[[ RECORDS SHOWN open ]]

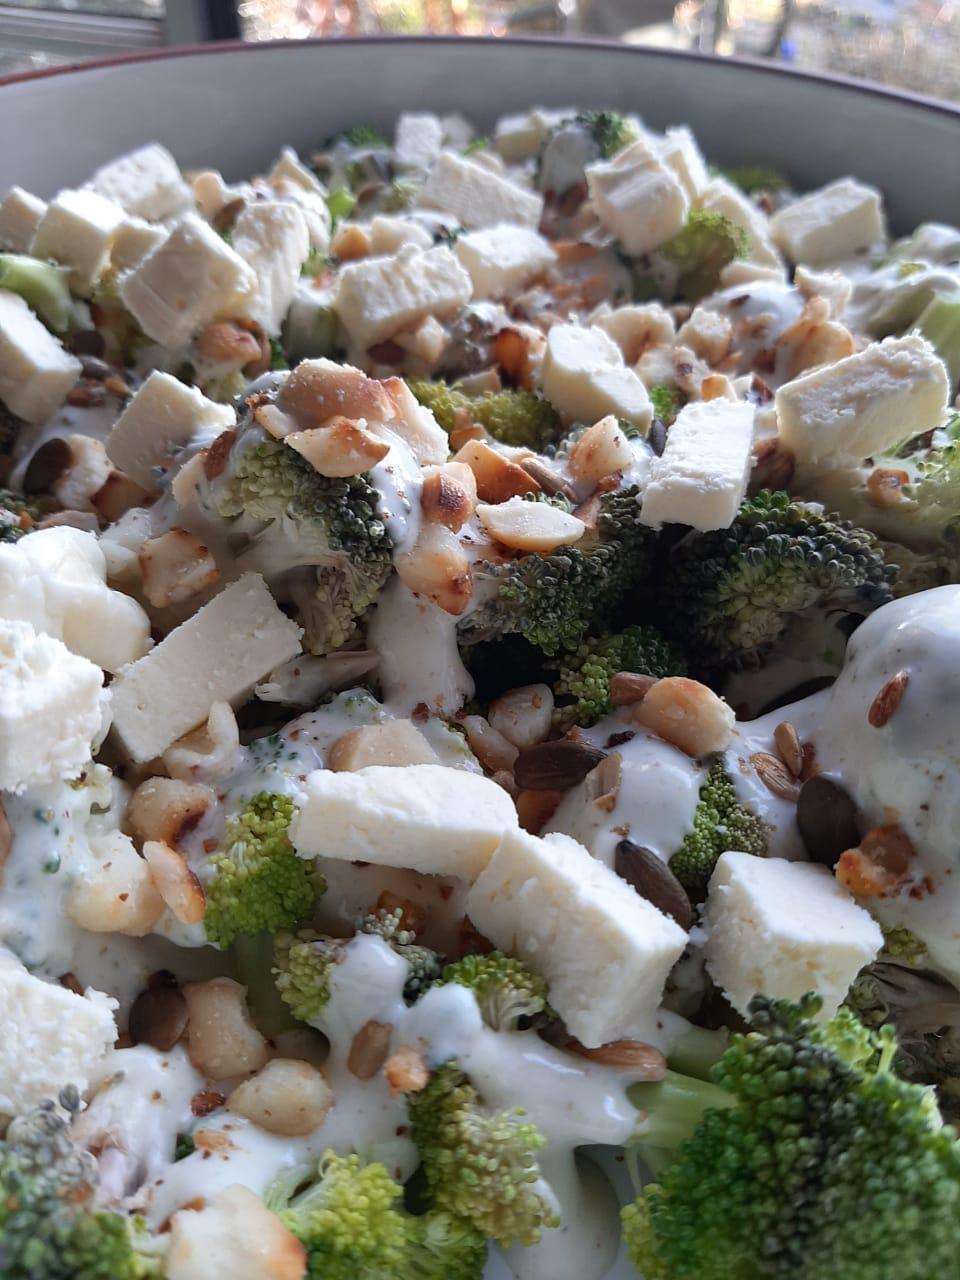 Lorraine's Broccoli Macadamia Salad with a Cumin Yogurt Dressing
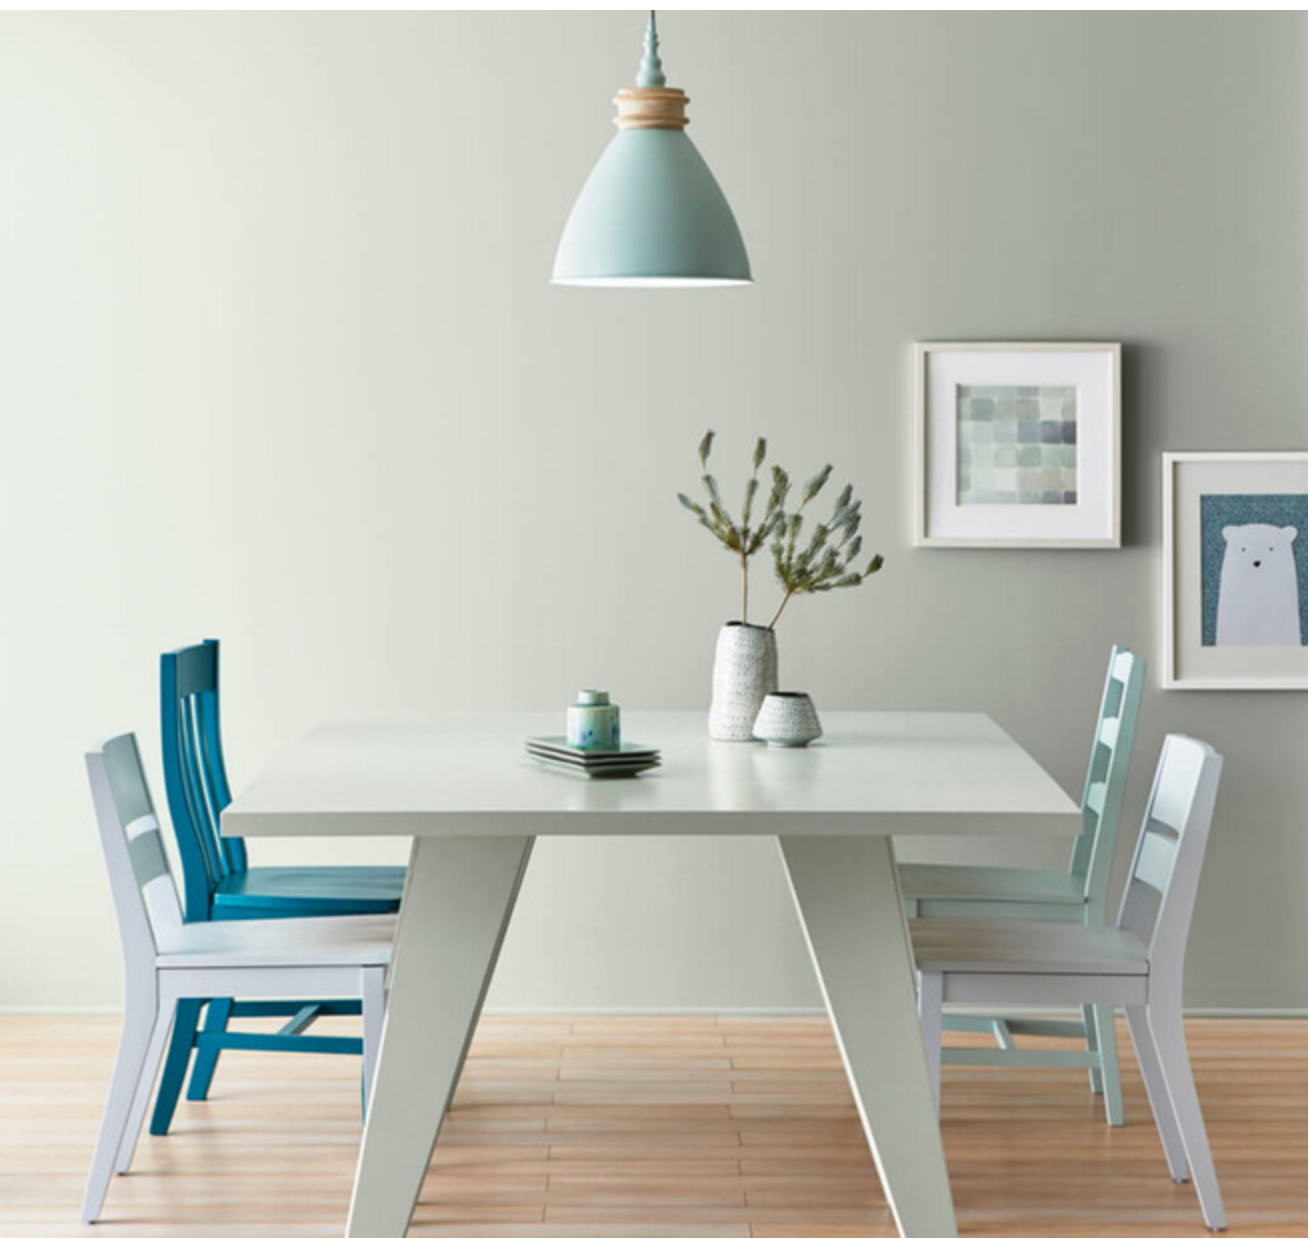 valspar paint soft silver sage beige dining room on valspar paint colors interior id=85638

[[ RECORDS SHOWN closed ]]
[[ RECORDS SHOWN open ]]

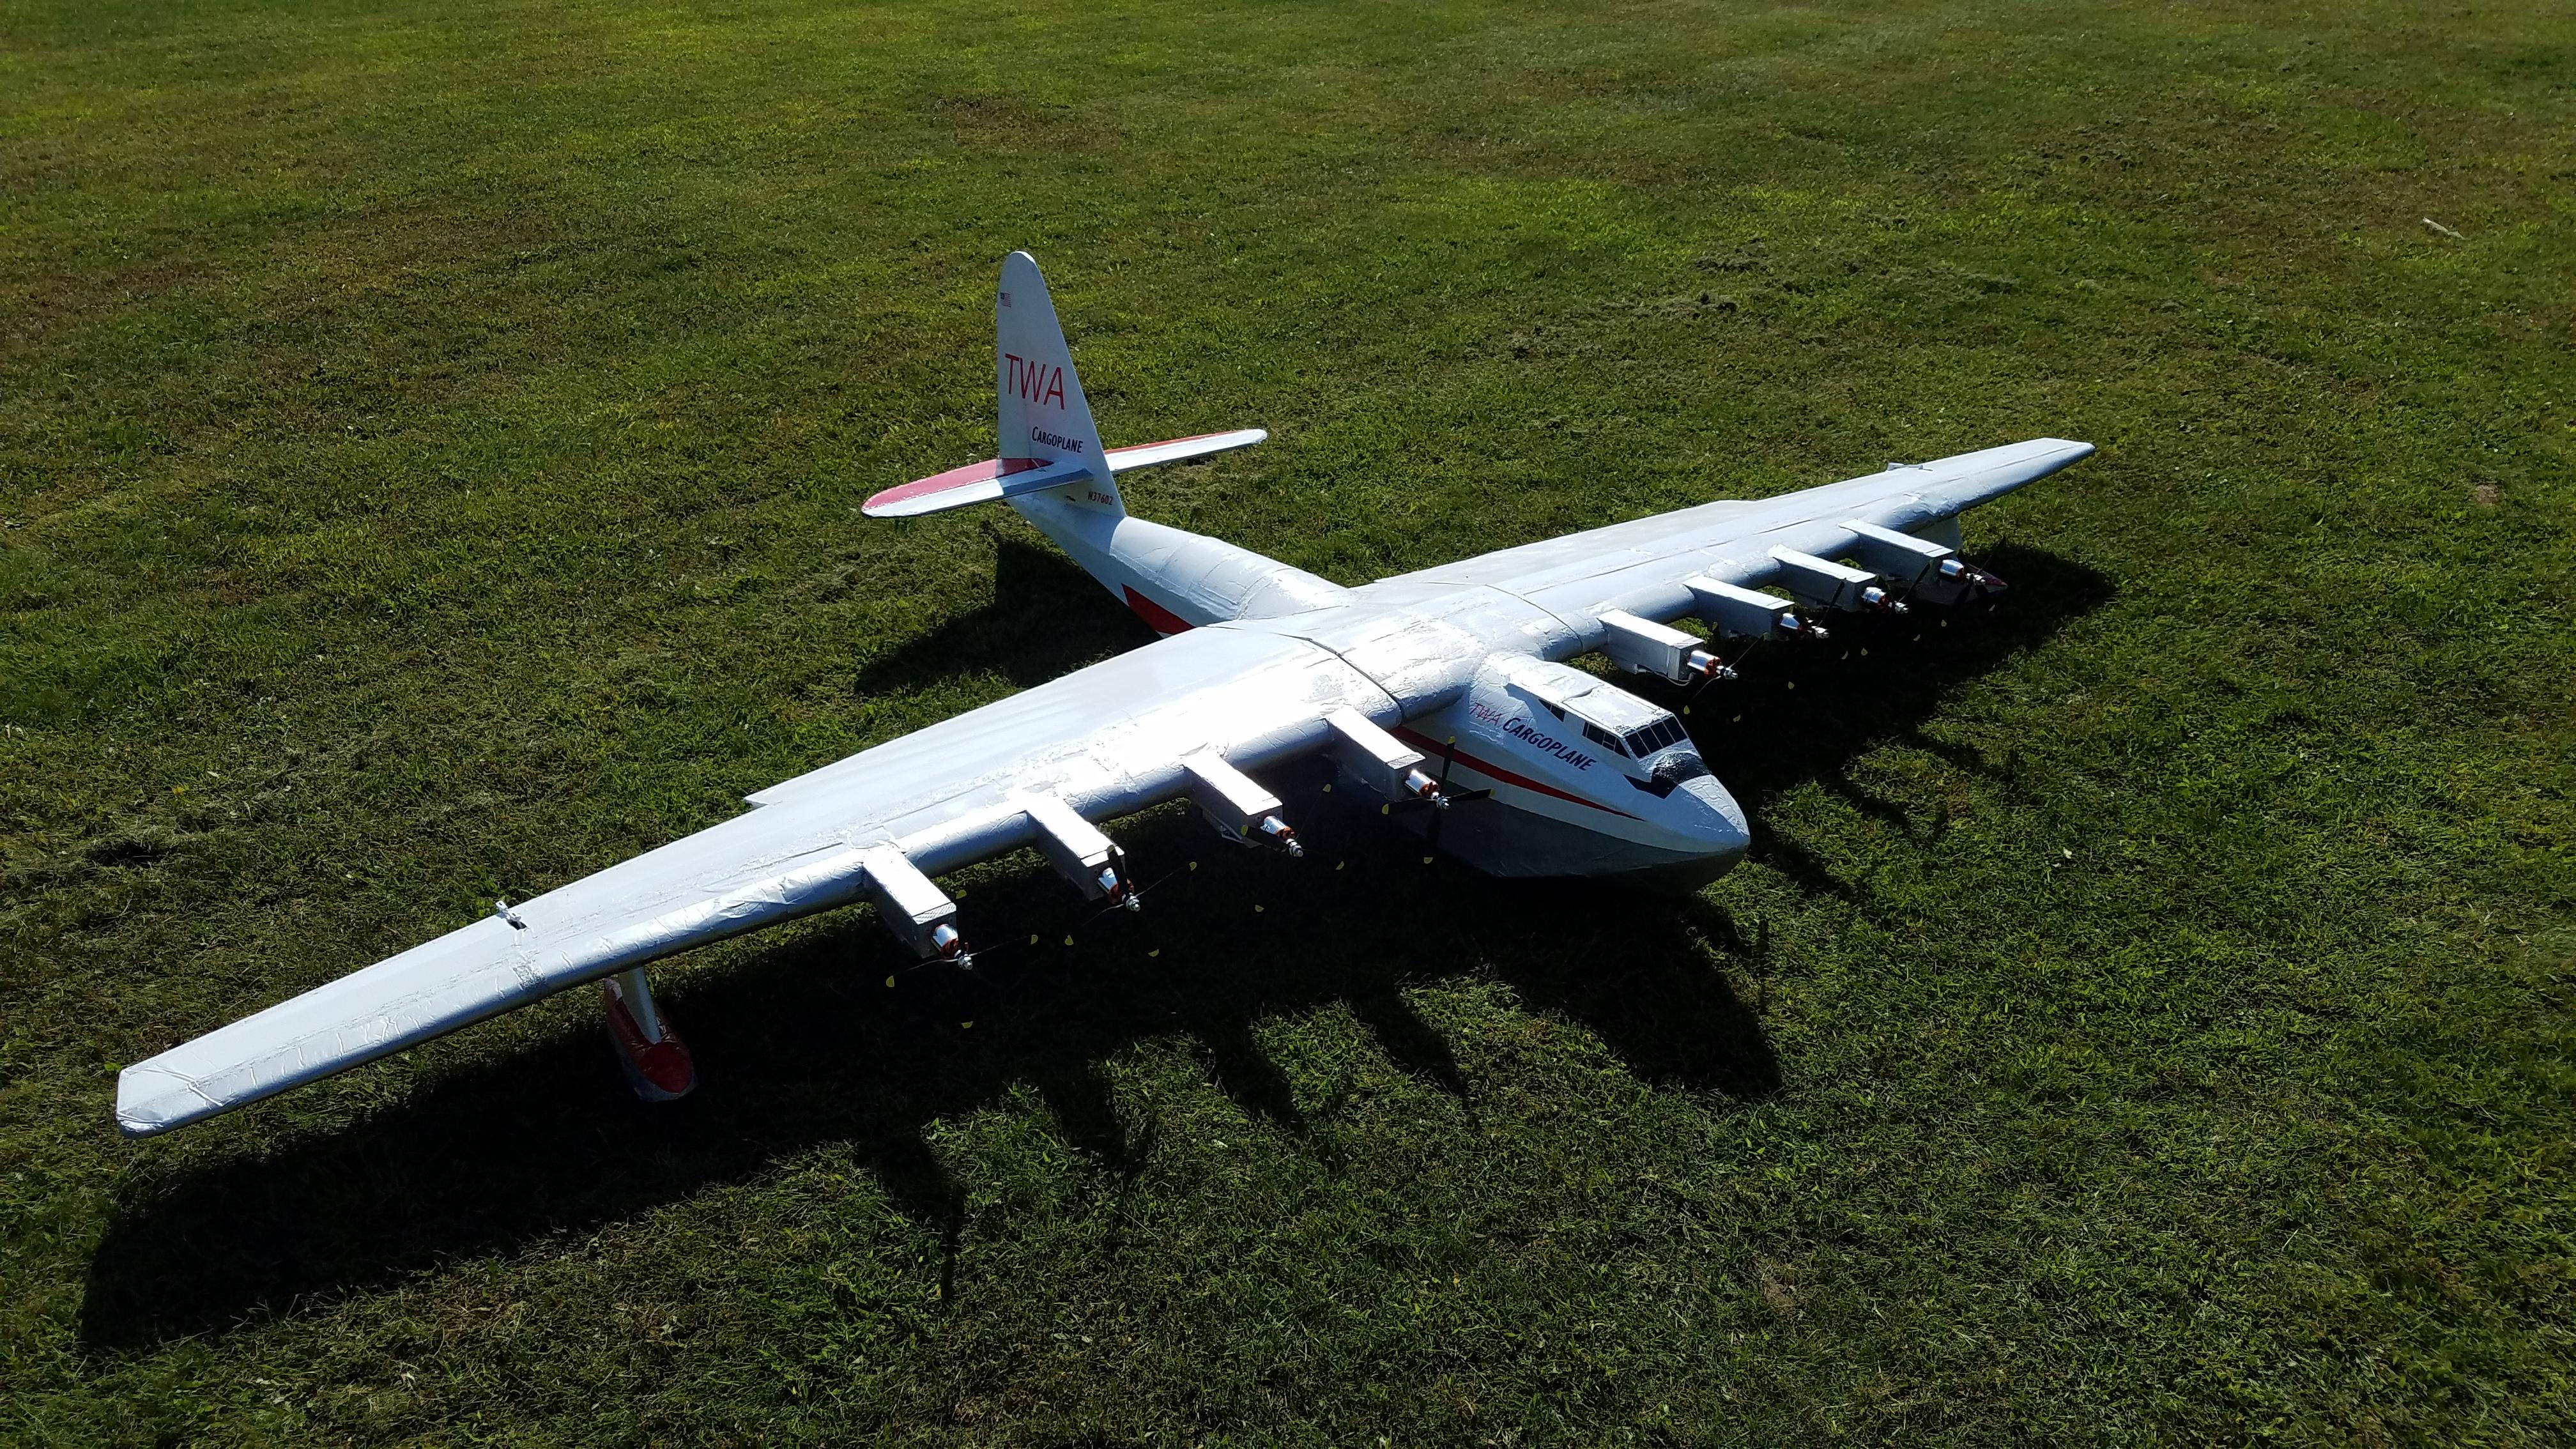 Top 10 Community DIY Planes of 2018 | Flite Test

[[ RECORDS SHOWN closed ]]
[[ RECORDS SHOWN open ]]

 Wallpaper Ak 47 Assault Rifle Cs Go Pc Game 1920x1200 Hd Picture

[[ RECORDS SHOWN closed ]]

> **WORK TO BE COMPLETED**: A word-for-word reproduction is needed of the lines above from the line containing "Lorraine's Broccoli Macadamia" through the line containing "valspar paint soft", with both ends kept and no pictures.

> **ANSWER SECTION**:
 Lorraine's Broccoli Macadamia Salad with a Cumin Yogurt Dressing
 valspar paint soft silver sage beige dining room on valspar paint colors interior id=85638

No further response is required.